Illustration by Sébastien Thibault

Hard to believe Canadian regulators think more research is needed before “cracking down” on Canada’s notoriously high mutual fund fees. Almost 10 years have passed since Peter Tufano’s controversial Harvard study uncovered the ugly truth of Canada’s world-beating (not!) fund MERs. Just a few weeks ago, Tom Bradley, president of Steadyhand Investment Funds, called his industry out for being “stuck in the dark ages,” noting savvy investors are taking matters into their own hands.

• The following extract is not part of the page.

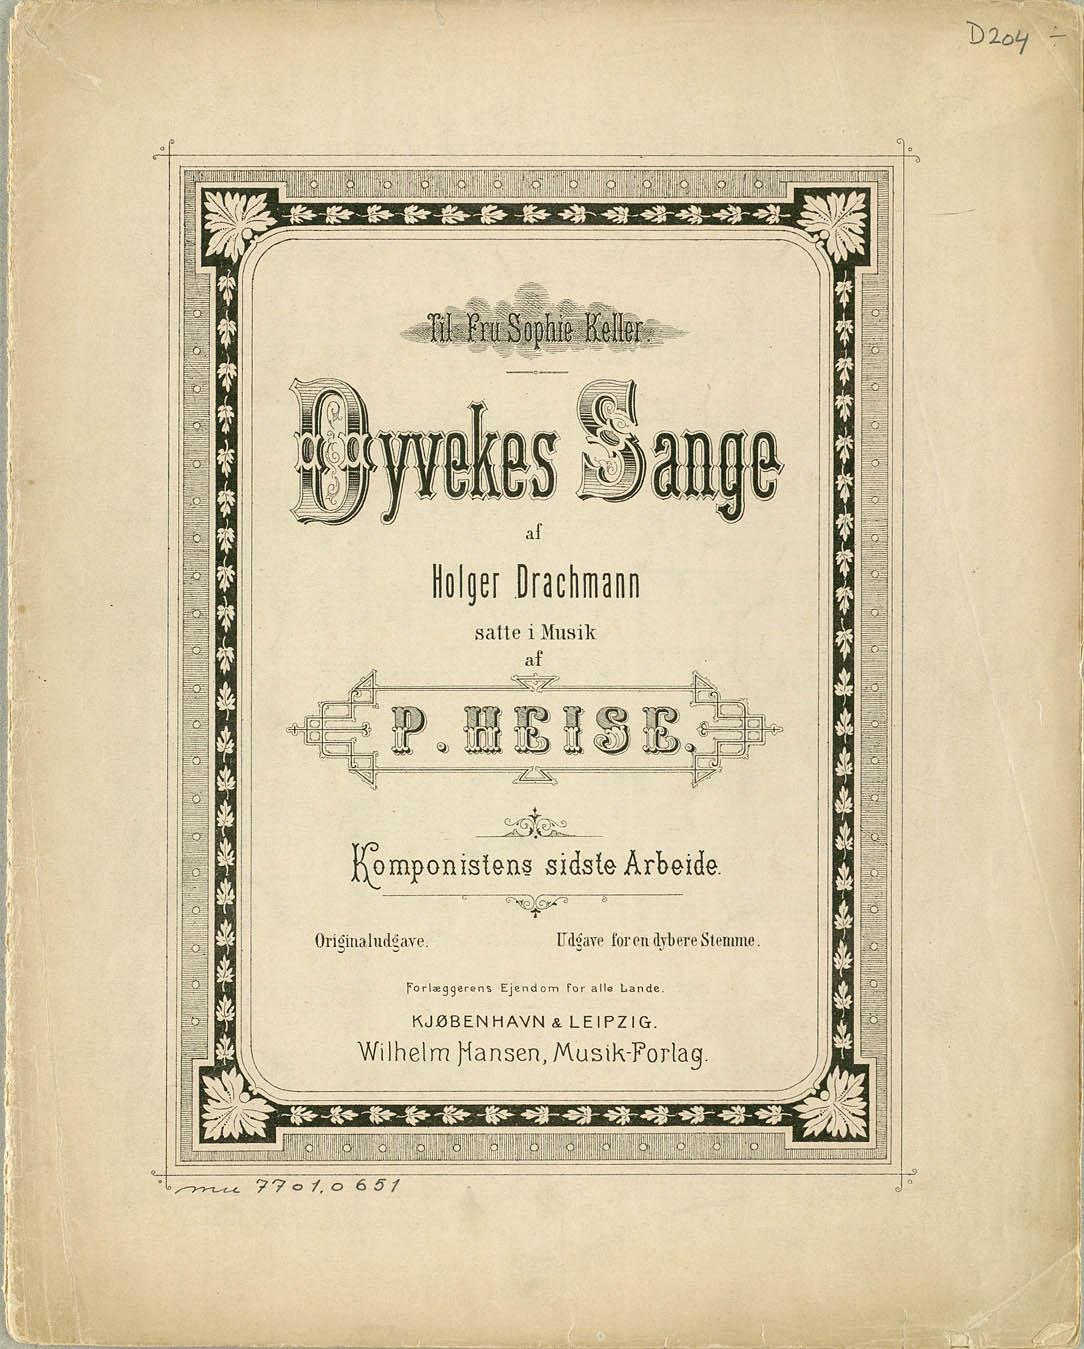 Titelbladet til den danske udgave af Dyveke-sangene. Bringes med venlig tilladelse fra Edition Wilhelm Hansen. Klik for større billede.

Many are switching from high-fee funds or wraps to low-cost index funds or ETFs, either via fee-based advisers (charging maybe 1% of assets) or directly through discount brokerages. But what about those who want a middle ground between paying high-priced advisers and doing it all on their own? They could consider a new Netflix-like subscription-based wealth management system called NestWealth.com.

Similar online services in the U.S. (like Wealthfront.com) have been dubbed “robo-advisers” for automating ETF portfolios at low cost. Nest Wealth may be the first such service in Canada: founder Randy Cass hopes to roll it out nationally later this year.

700%

Growth for American robo-adviser service Wealthfront since the start of 2013

 

Meanwhile, Ontario investors aged 40 and older can pay $80/month ($40 for those under 40) for a portfolio service that assembles and rebalances ETFs from iShares and Vanguard. Money resides at National Bank Custodial Services, with asset mix matched to Investment Policy Statements customized for clients through an online questionnaire, followed by a telephone conversation with a portfolio manager.

Apart from underlying ETF MERs, the only other fees are the monthly subscription (charged to each spouse) and $20/month for each extra account (such as TFSAs or RRSPs). But unlike retail mutual funds, Nest Wealth won’t cost more as wealth rises. The sweet spot is the mass-affluent demographic above $100,000 but the more you invest, the bigger the savings.

One early adopter on Bay Street I talked to says Canadian retail investors “are just starting to figure out” how much they can save with such services.